The changes to tariff are mostly about flexibility, so it should still be transparent; you should still be able to work out what people are being paid, which I think is important, and you should be able to benchmark between different providers, but instead of paying for each operation and each widget bit by bit, you can have formulas that try to reflect fixed costs. You can do it in a different way that adds some flexibility into the system, which I think is important when you are trying to bring providers and commissioners into common alignment over where the money is going. Tariffs had the problem of setting them at each other’s throats sometimes, because every time someone was admitted to a hospital you would get another payment, so commissioners wanted to keep it down and providers wanted to keep it up. There is the chance to try to align some of those incentives, but there is still a lot of gap around what actually will go down to place and what will determine it; of course, again, the budgets need to be equitable.

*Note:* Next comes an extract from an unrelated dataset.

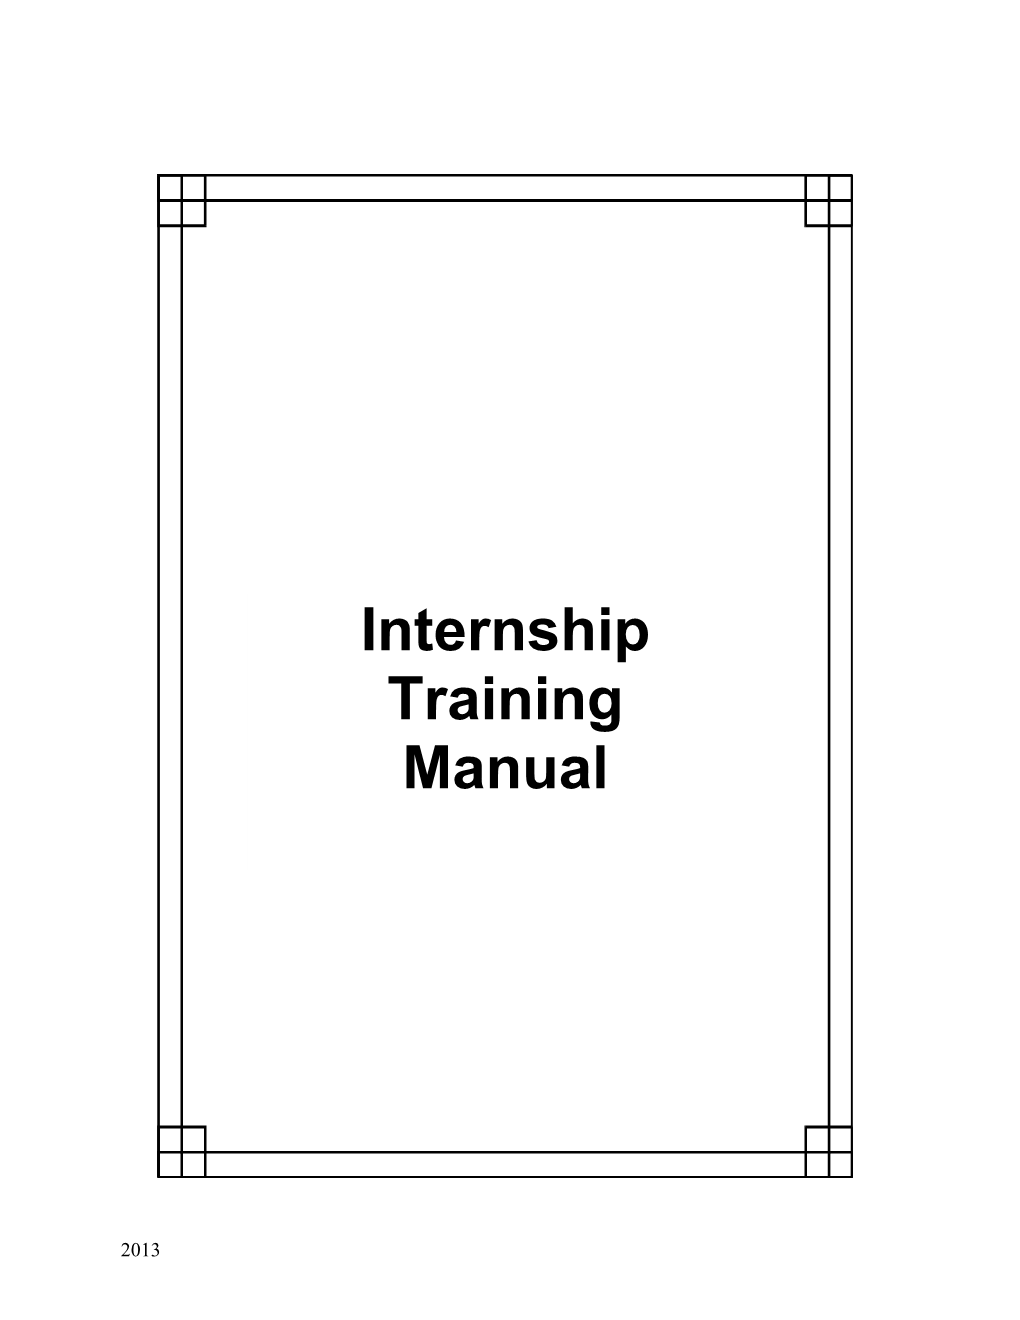 Internship Program Manual
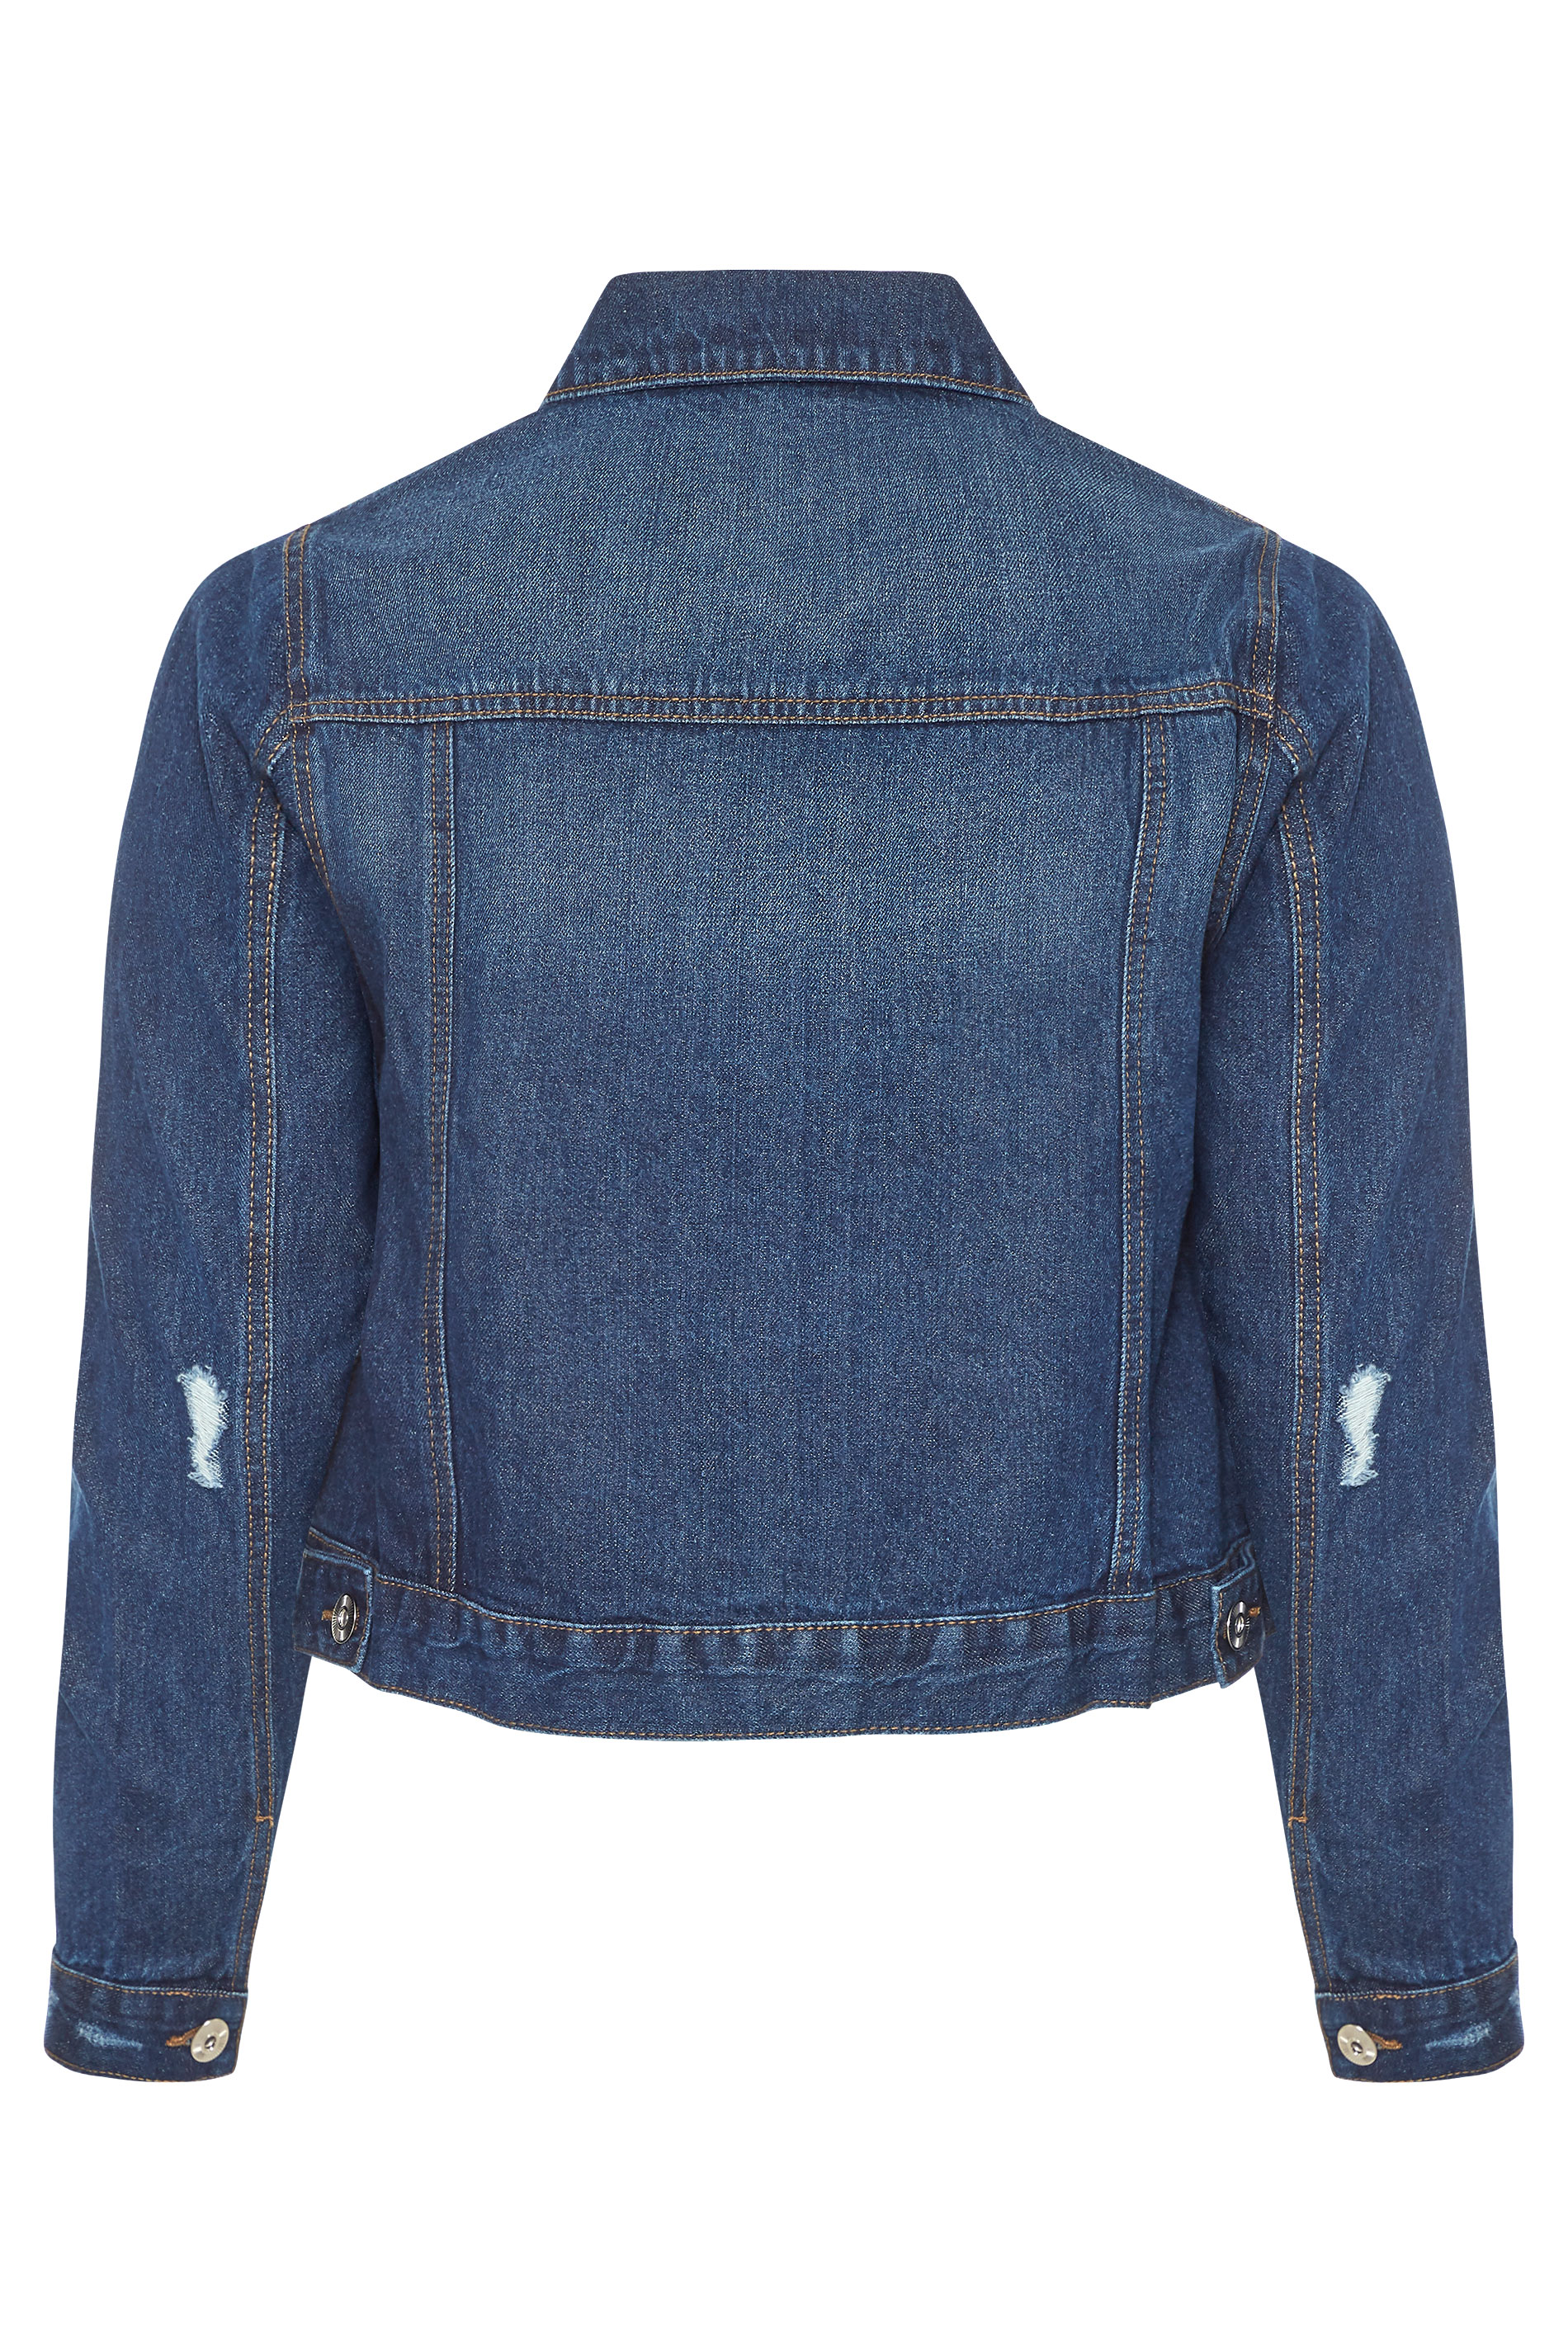 Indigo Blue Distressed Denim Jacket | Yours Clothing

Nigel Edwards: Richard, if I may, I think a very important point that ought to be made here is that because the allocations will now shift from 100-plus clinical commissioning groups to 42 ICSs, the variations between them will be evened out. There will need to be some way of recognising the fact that within an ICS, you have very different patterns of need, which at the moment are recognised by the allocation formula, but in the future will not be. The money will be received by the ICS, so I think there is a question there. I know that local authorities—and, indeed, GPs and primary care networks—will want to say, “If we are in a particularly deprived area and we have historically had higher funding to recognise that, we would expect that to continue.” There ought to be a line of sight from the national allocation formula based on need to the money that is received by our locality.
Sorry, Richard. I thought you made a really good point.
Richard Murray: That is absolutely all right. On capital, the Bill does not really change the way that capital works in this system. The only difference is the ability of the Department, through NHS England, to cap the spending of foundation trusts, which they have not been able to do in the past. There are some limits around them being able to do that, but it gives an additional lever at national level. Having said that, the way that capital is working in the system has changed fundamentally already: some capital goes through an allocation system, a bit like the revenue funding, and I am leading a review for NHS England now on how that money flows.
The bit that I think is really uncertain is how the big hospital schemes get picked. That is the bit that looks very different. Obviously, there is a manifesto commitment. There used to be a process by which it was determined whether providers could afford to repay—if they could do it through loans, or if there was a need system. That is now going off in a completely different place, and I think that is the bit that is not quite clear. How does that work within this system? Who gets to choose how those projects get picked, so to speak? That is the big change but, again, it is not actually in the Bill; it is being done under the existing rules.